BEGIN Input data
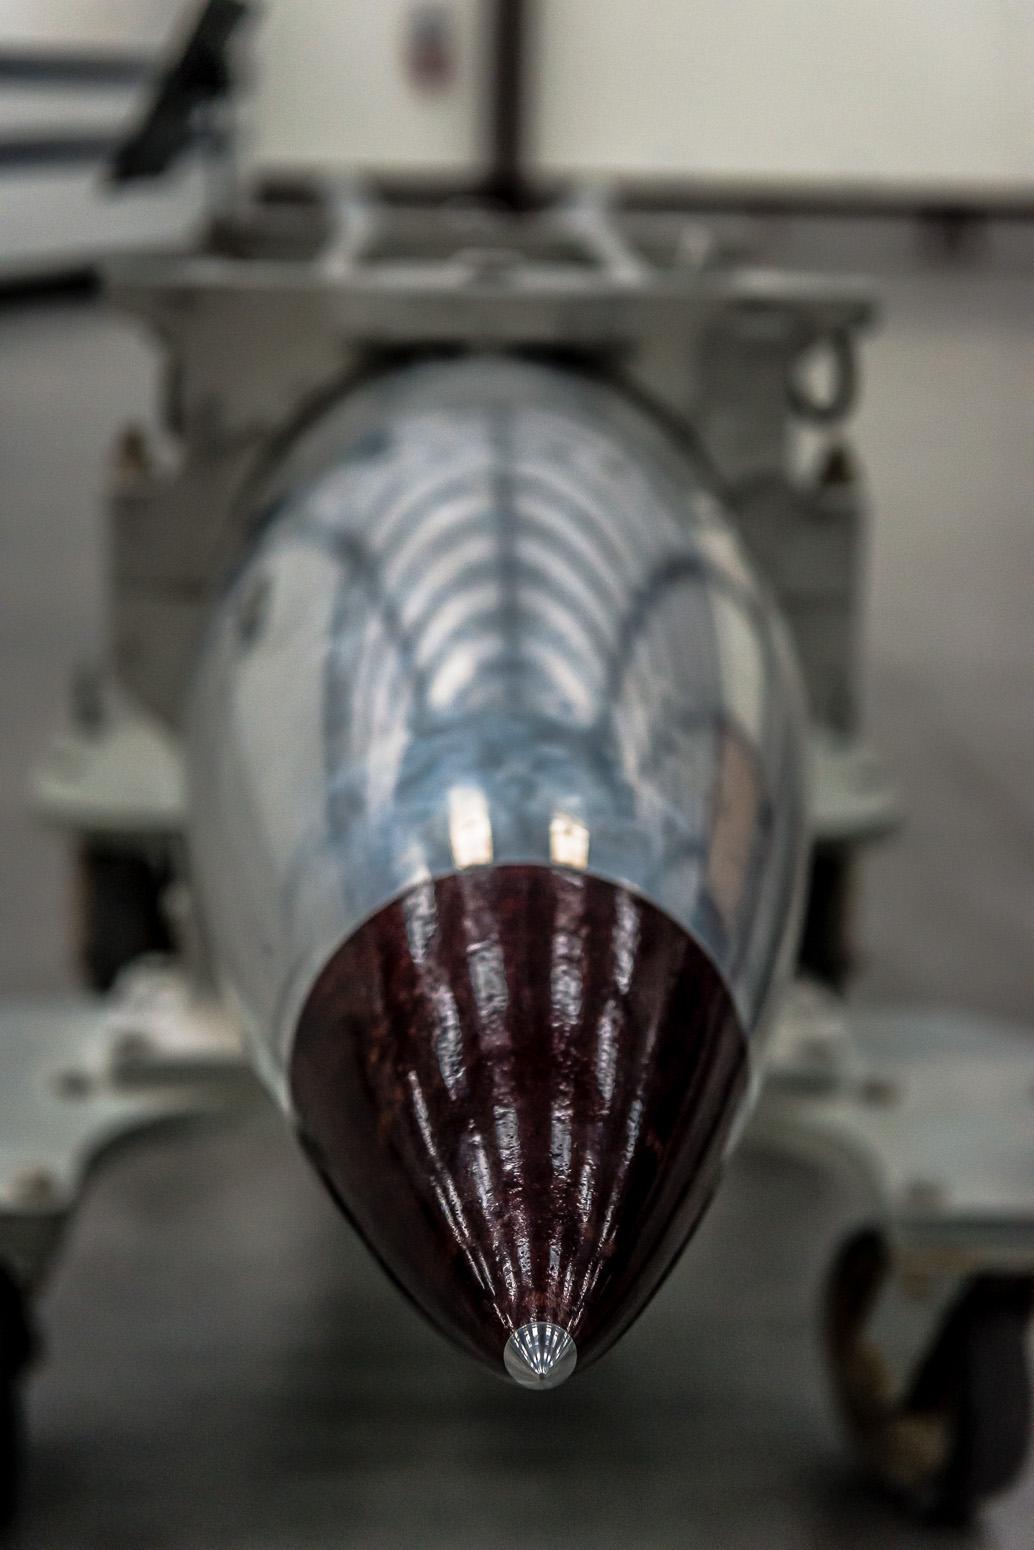 B61 Nuclear Bomb, 20x Hiroshima Payload, Pima Air & Space Museum , Tucson, USA
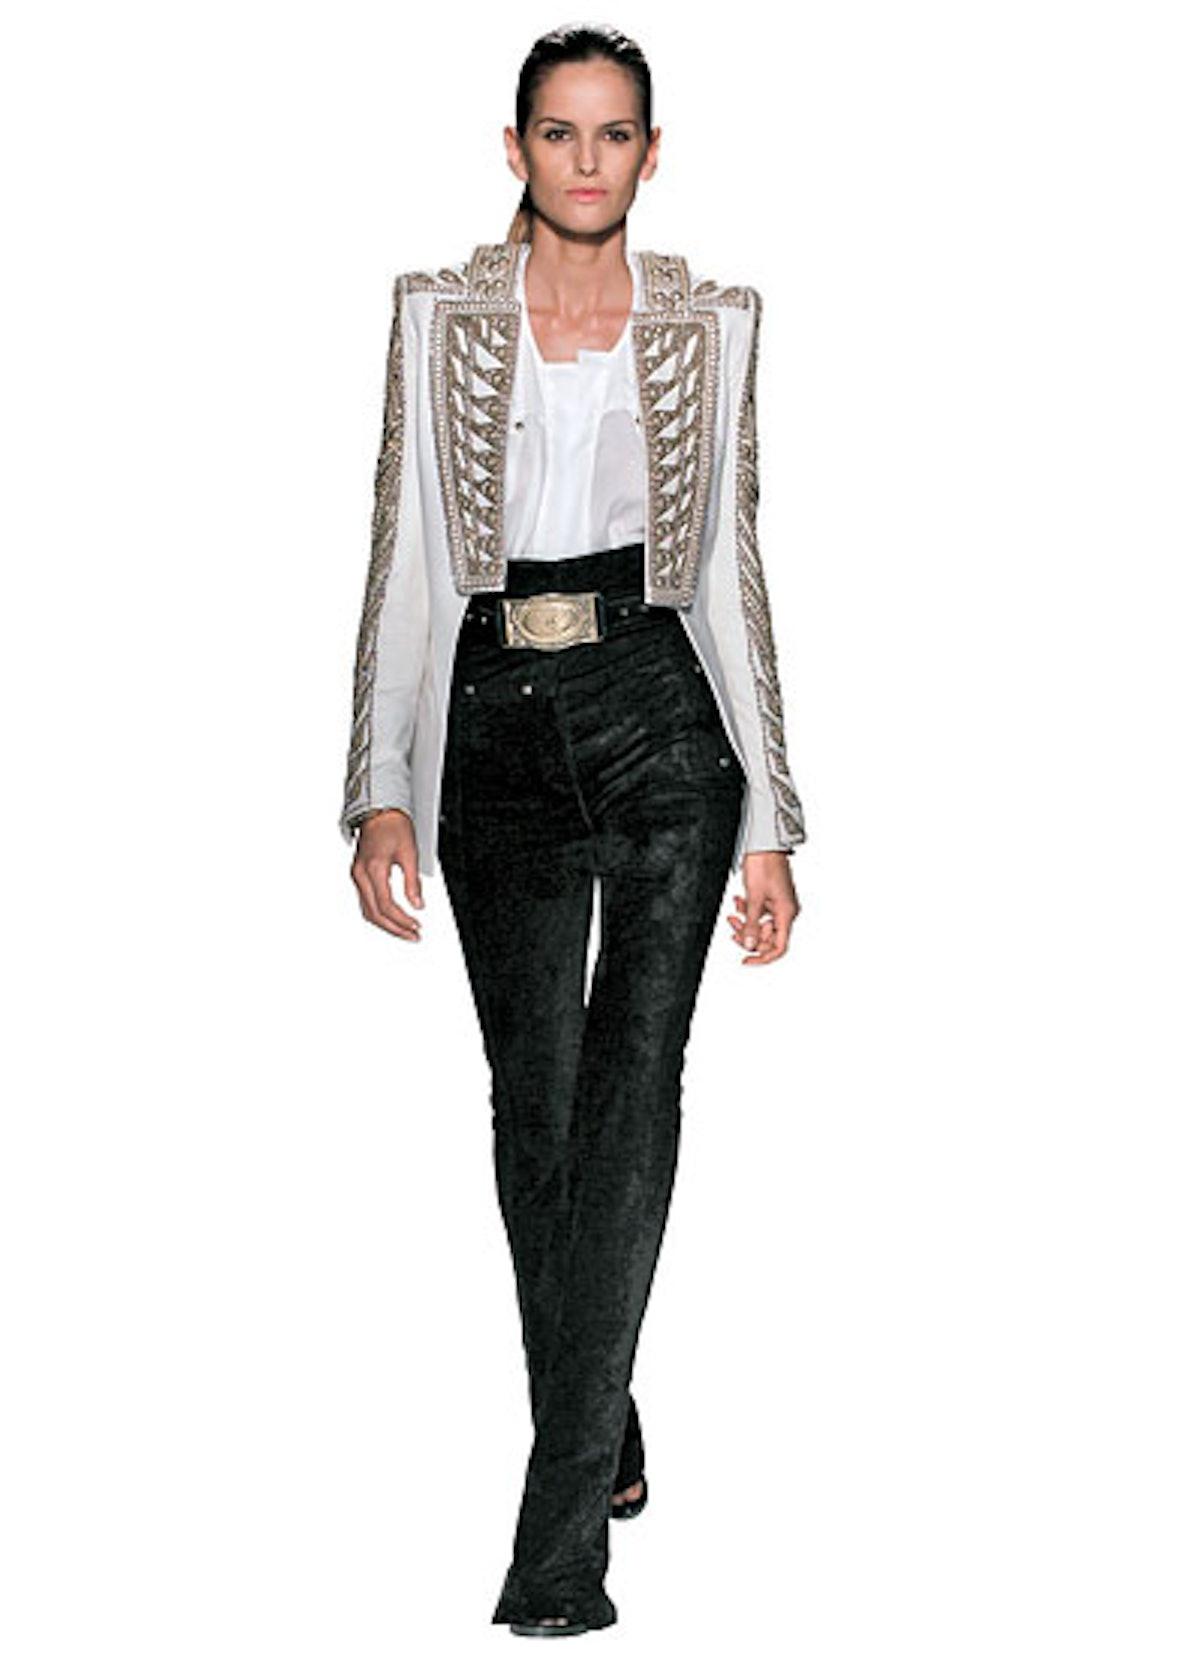 fass-international-style-trends-04-v.jpg
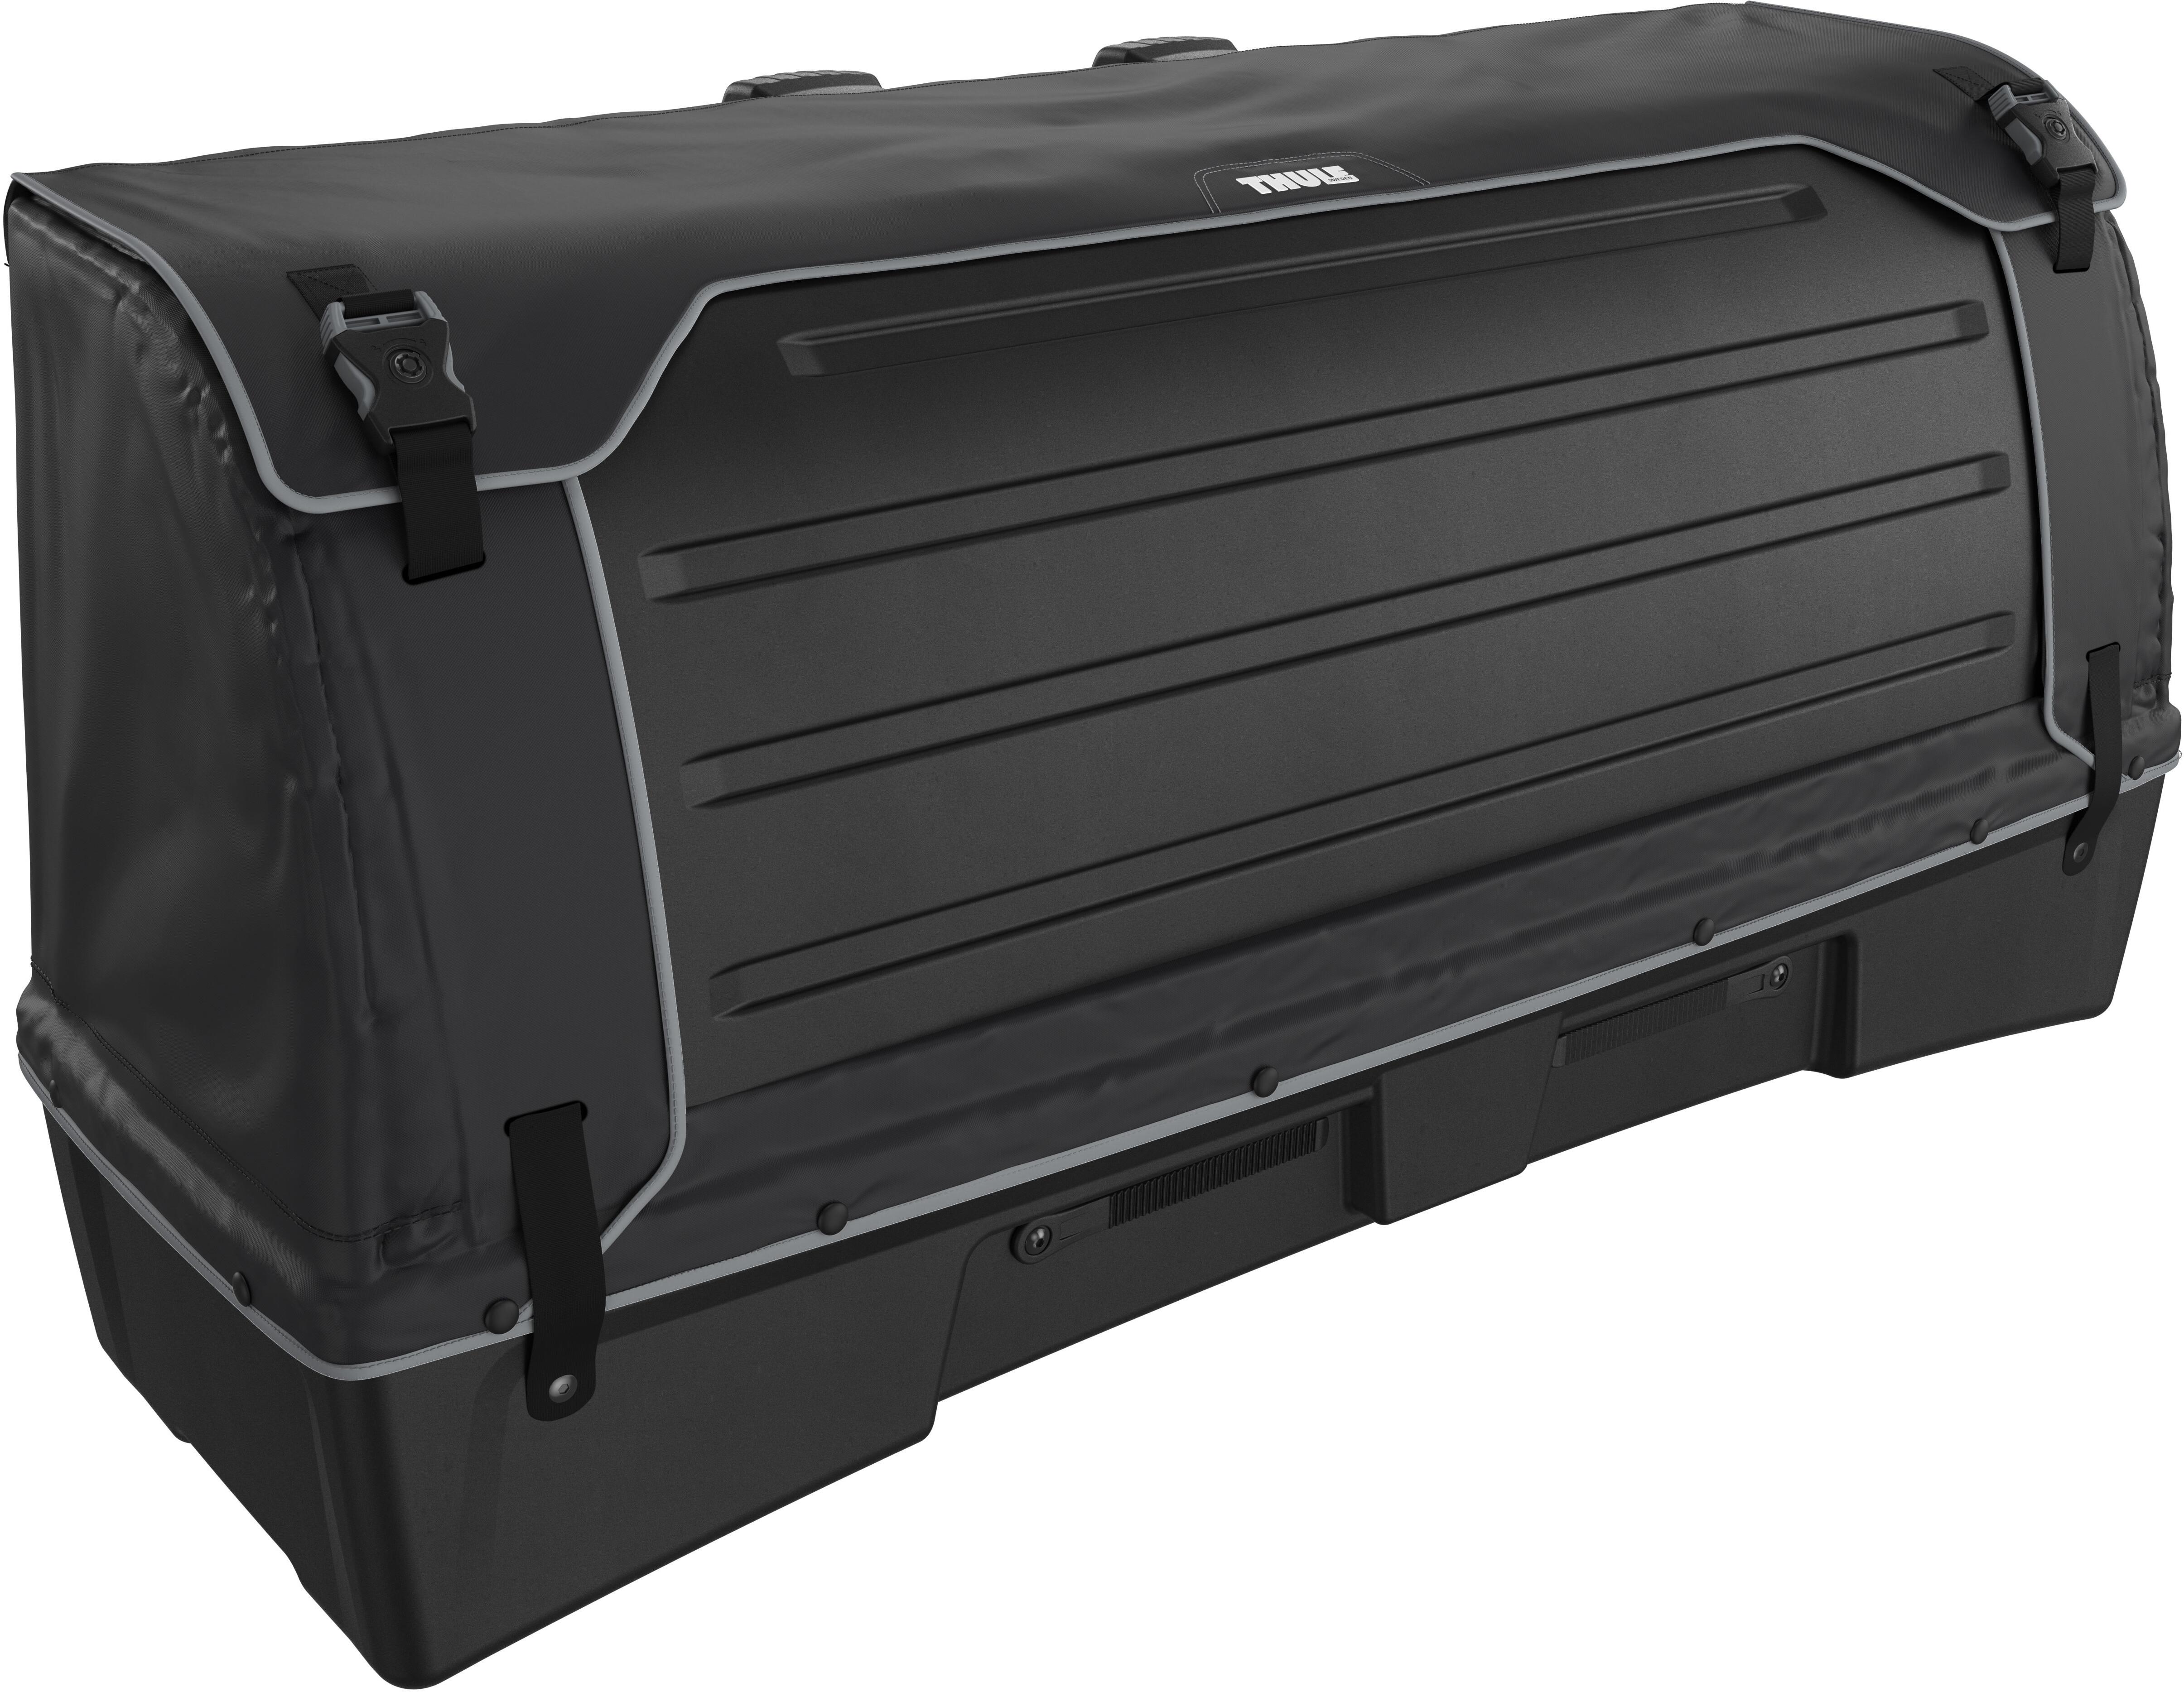 Klettergurt Gelbox : Thule backspace xt cargo box campz.ch
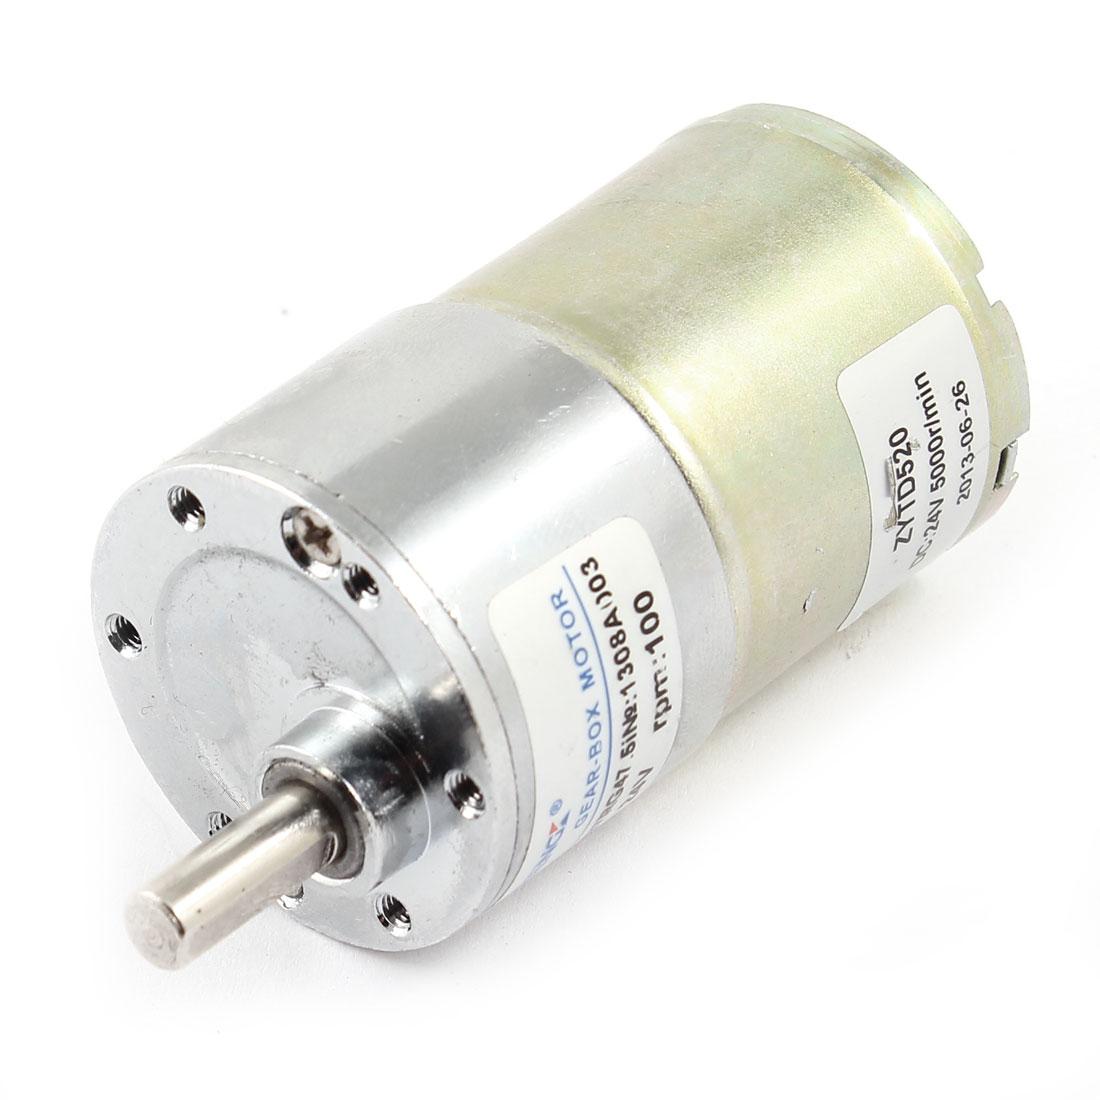 DC 24V 0.33A 2.6kg.cm Torque 37mm Dia Magnetic Gear Box Motor 100 RPM
END Input data
◆ Task requirements: From the first line of the material to the last, retype everything exactly except the images.

◆ Reply:
 B61 Nuclear Bomb, 20x Hiroshima Payload, Pima Air & Space Museum , Tucson, USA
 fass-international-style-trends-04-v.jpg
 Klettergurt Gelbox : Thule backspace xt cargo box campz.ch
 DC 24V 0.33A 2.6kg.cm Torque 37mm Dia Magnetic Gear Box Motor 100 RPM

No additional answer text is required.